*** Opening RAW DATA ***

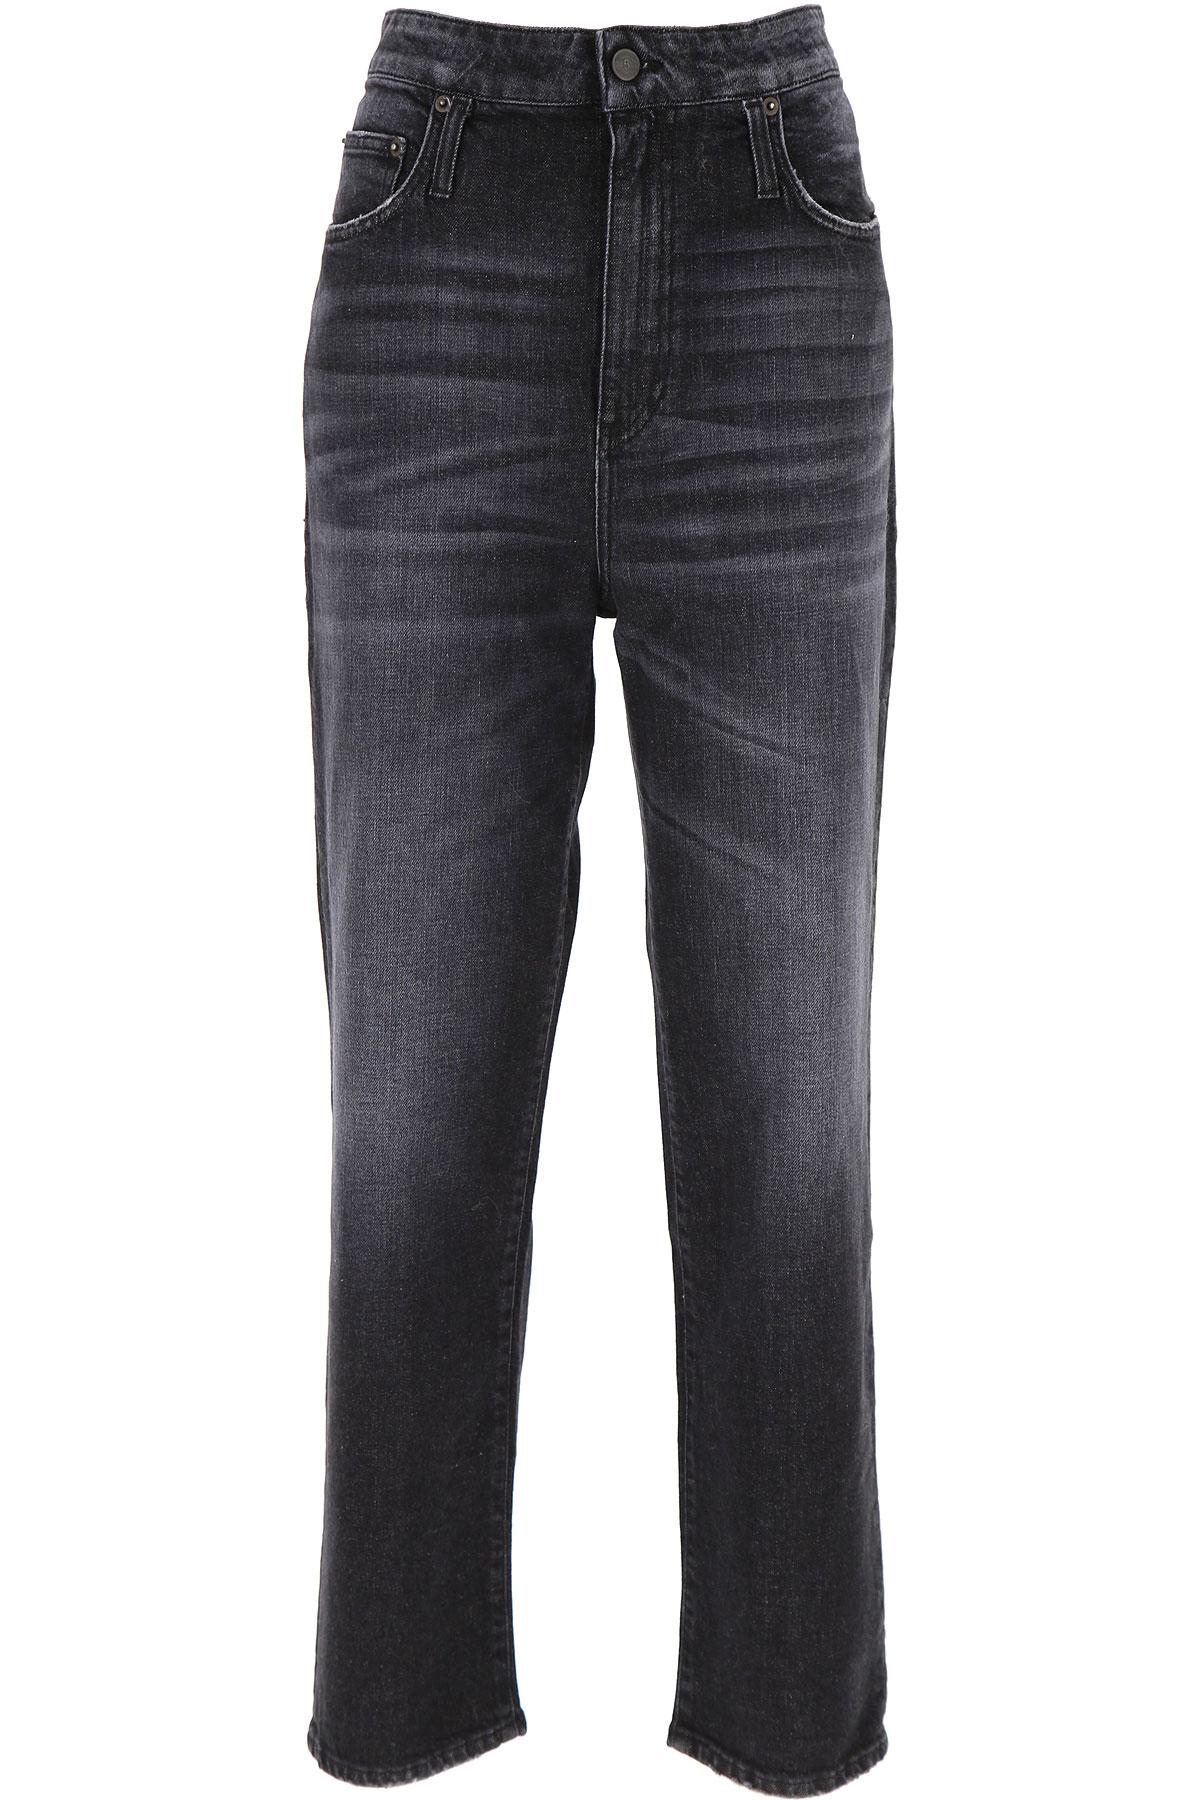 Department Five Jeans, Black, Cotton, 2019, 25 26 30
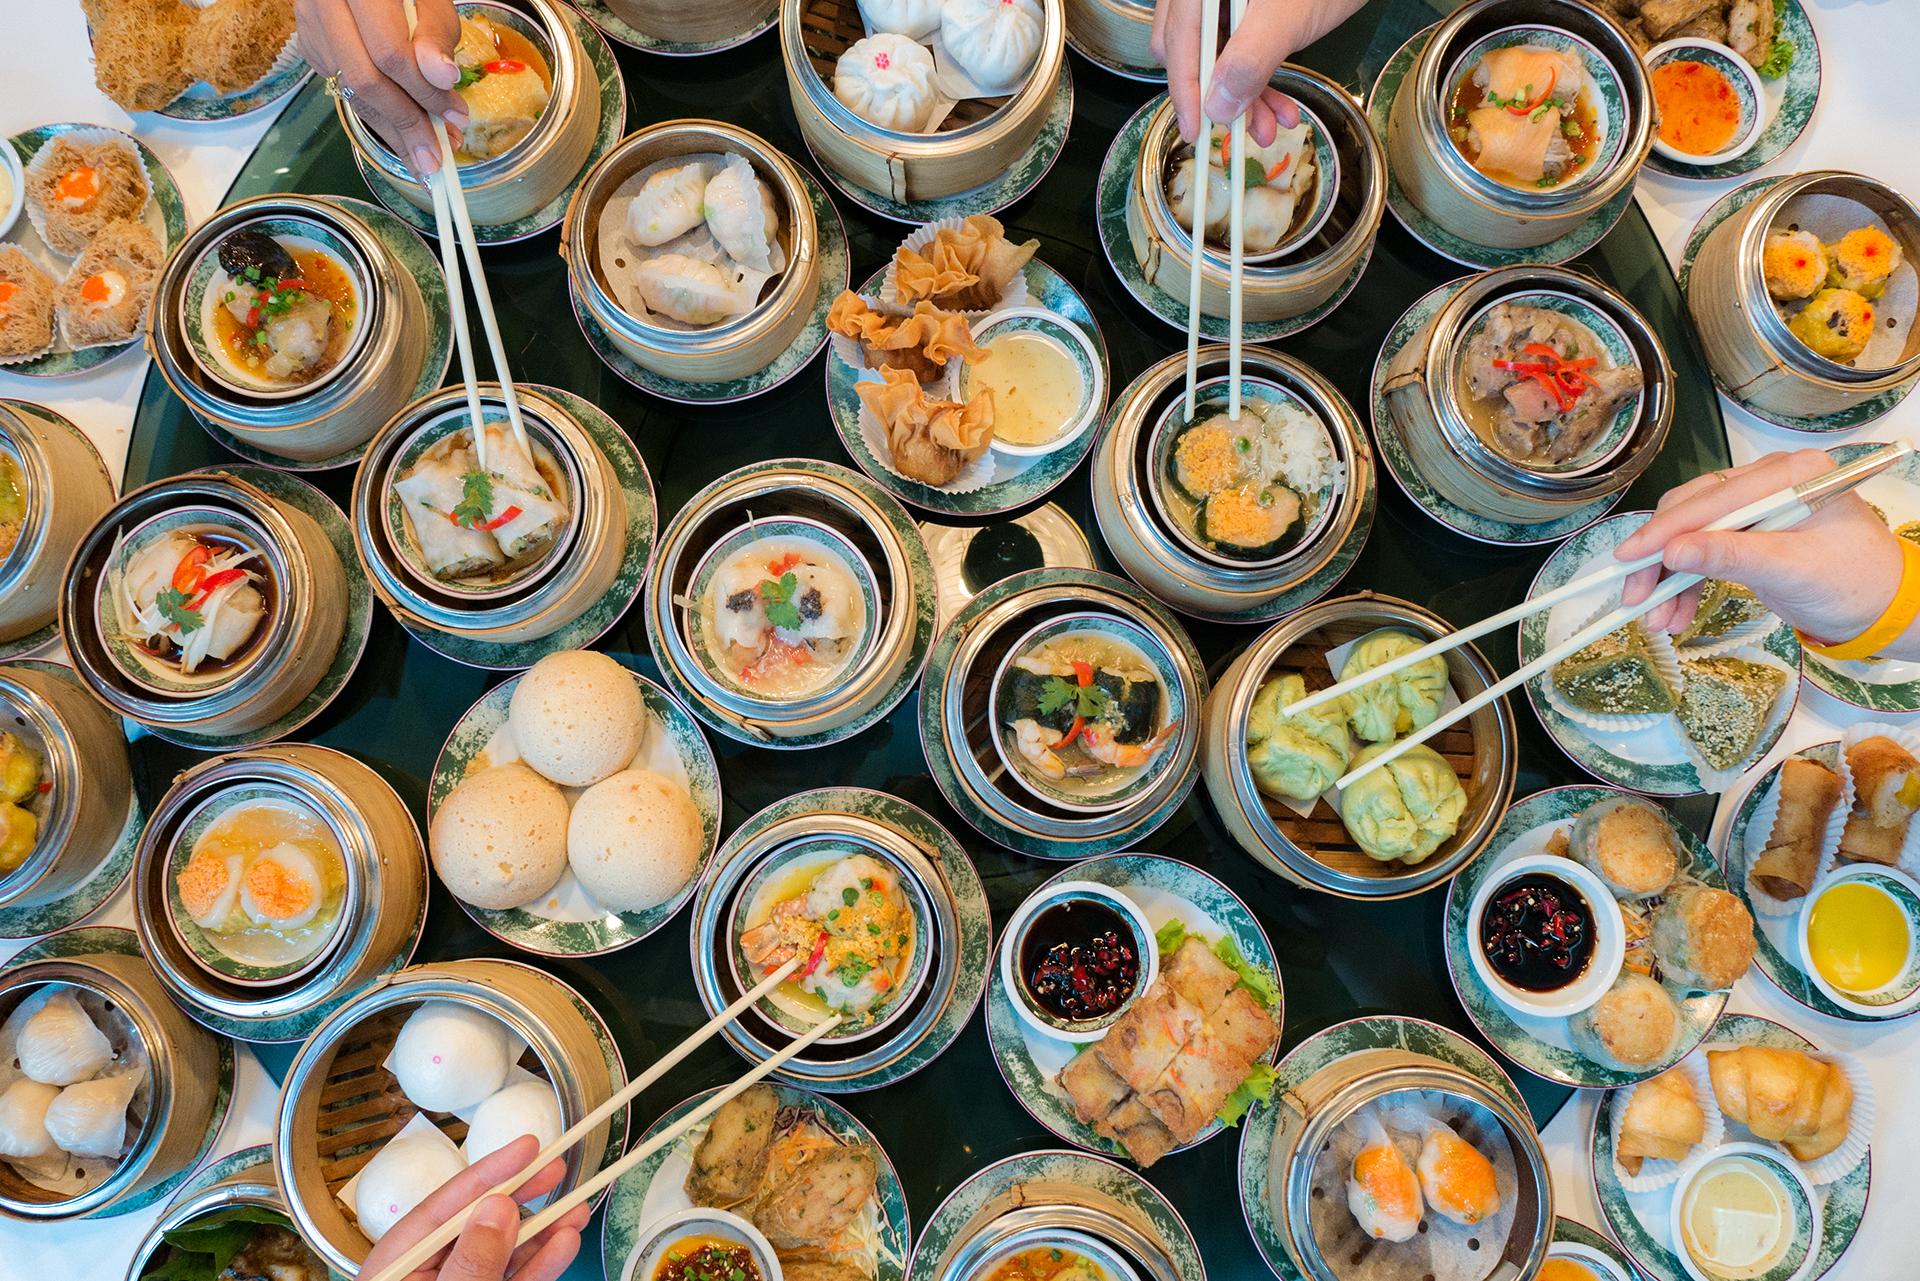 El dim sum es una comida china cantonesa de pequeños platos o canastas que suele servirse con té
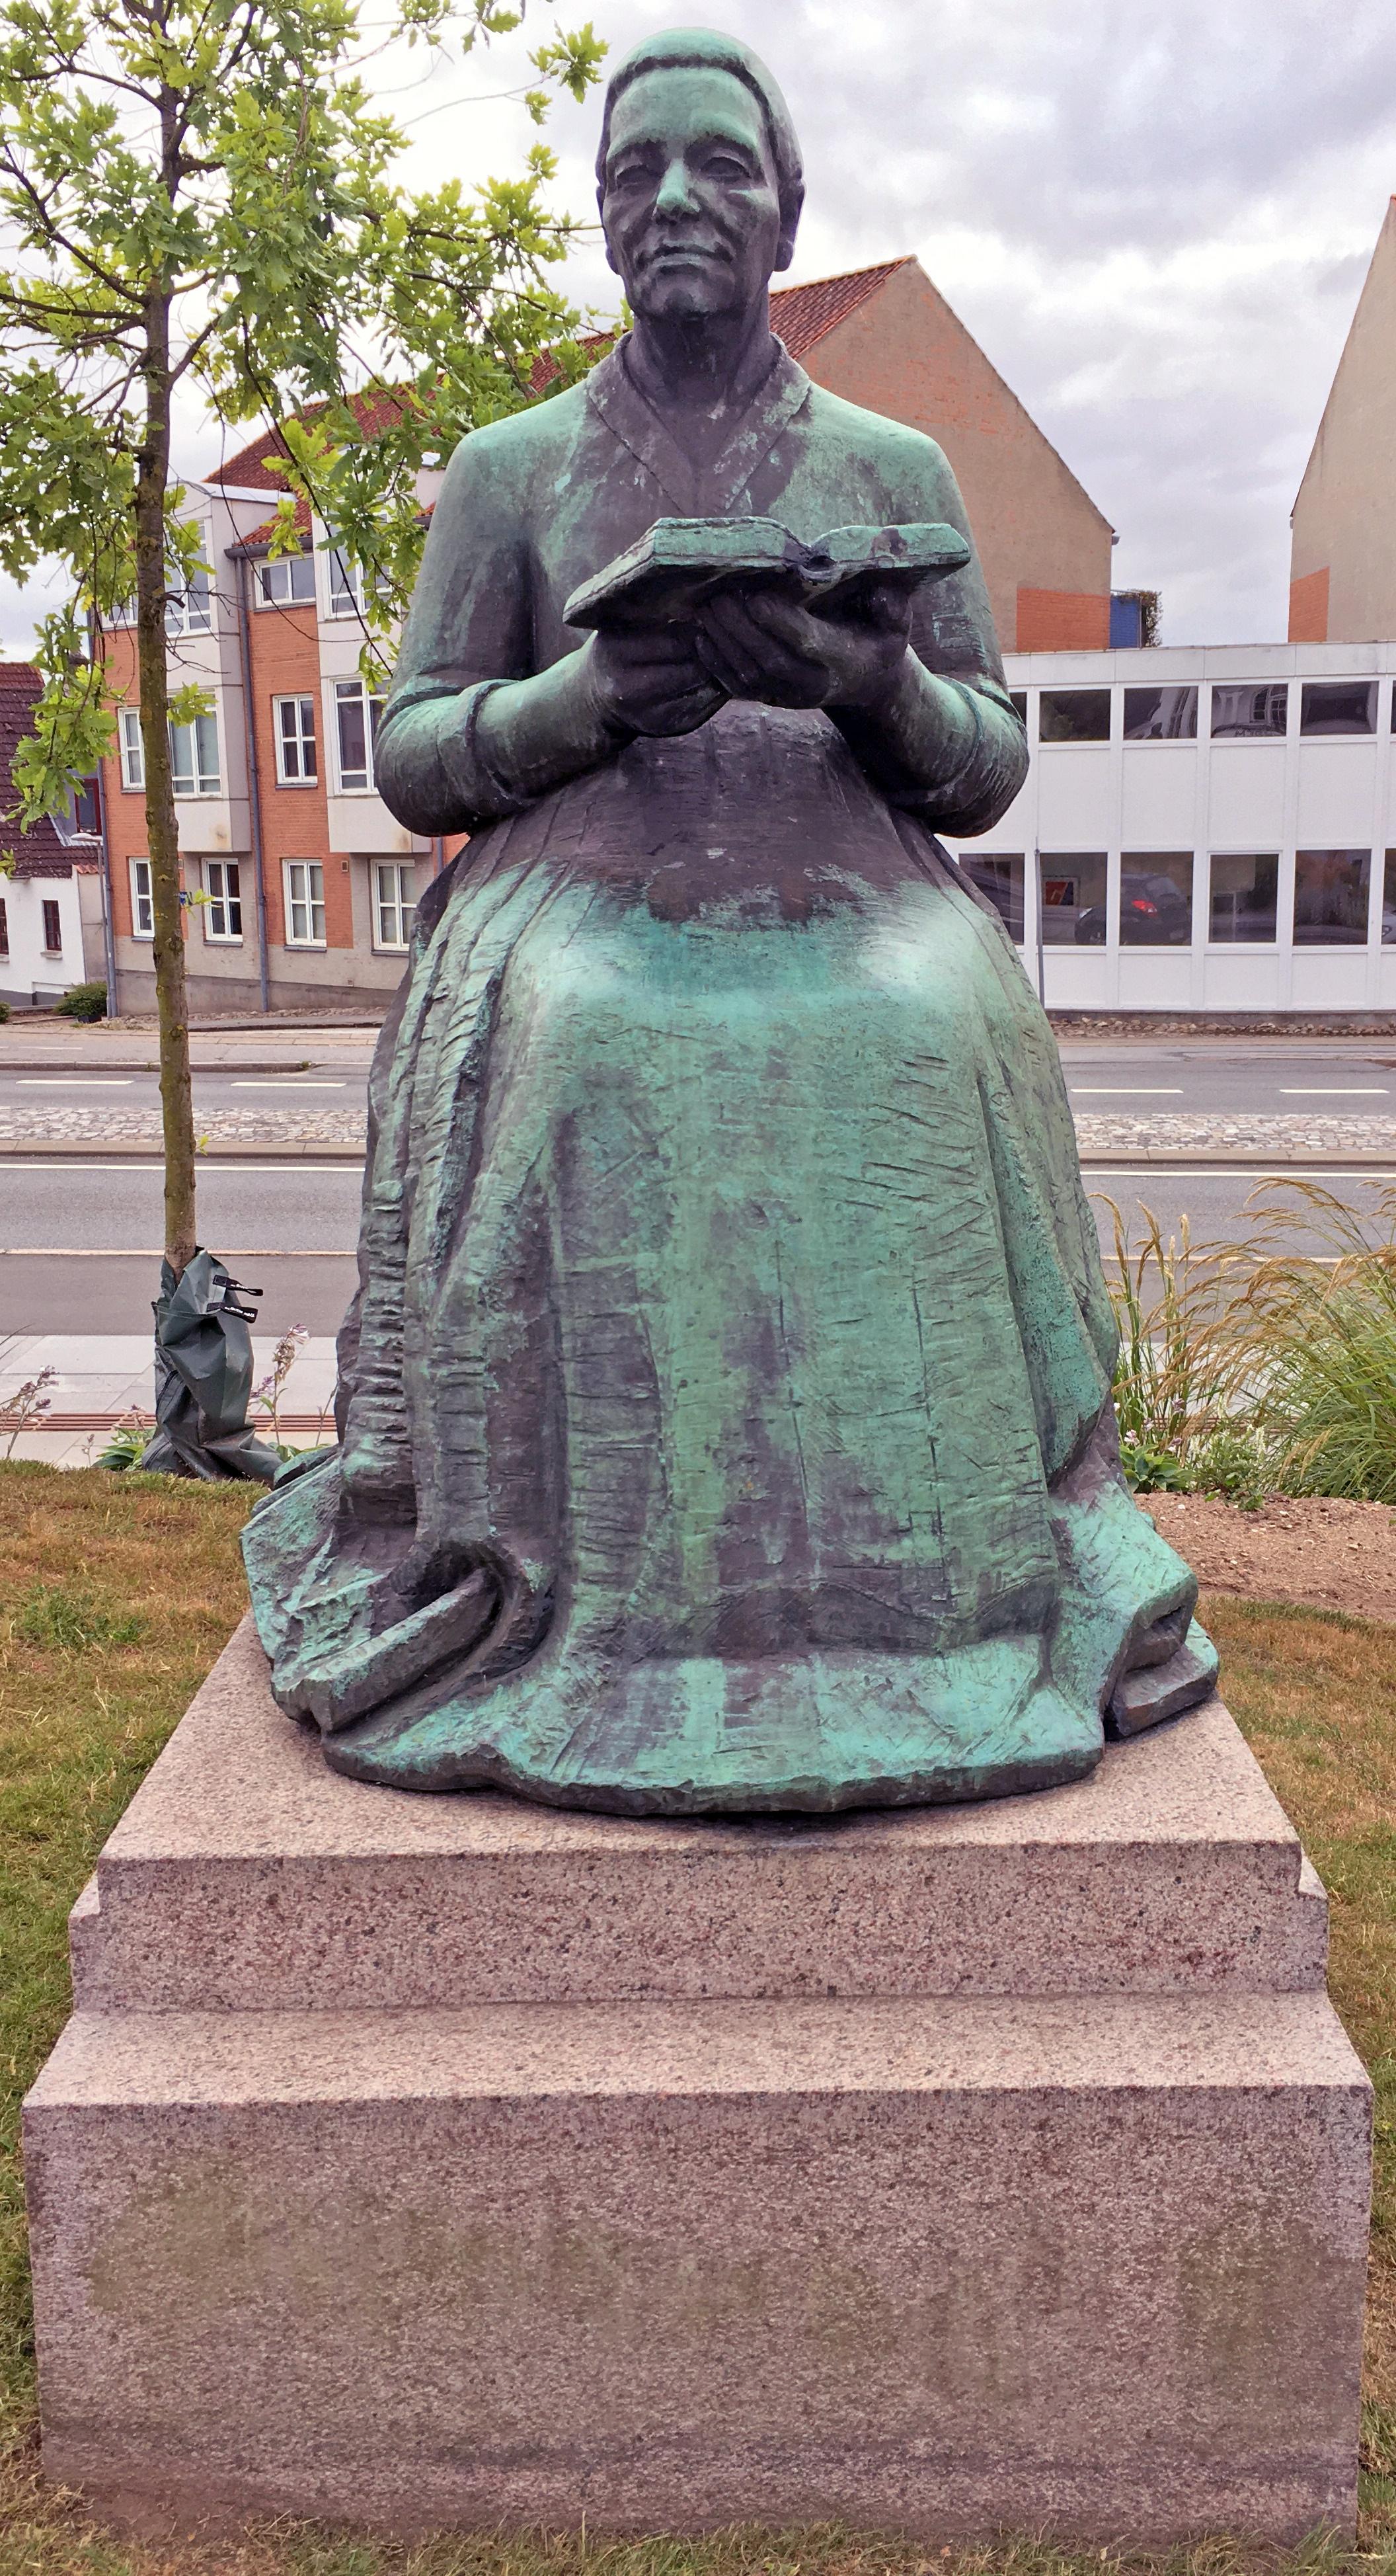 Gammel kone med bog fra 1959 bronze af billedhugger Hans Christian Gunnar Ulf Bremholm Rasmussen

*** Closing RAW DATA ***

■ **ACTIVITY**
Restate the listing word for word and drop the pictures.

■ **ANSWER AREA**
 Department Five Jeans, Black, Cotton, 2019, 25 26 30
 El dim sum es una comida china cantonesa de pequeños platos o canastas que suele servirse con té
 Gammel kone med bog fra 1959 bronze af billedhugger Hans Christian Gunnar Ulf Bremholm Rasmussen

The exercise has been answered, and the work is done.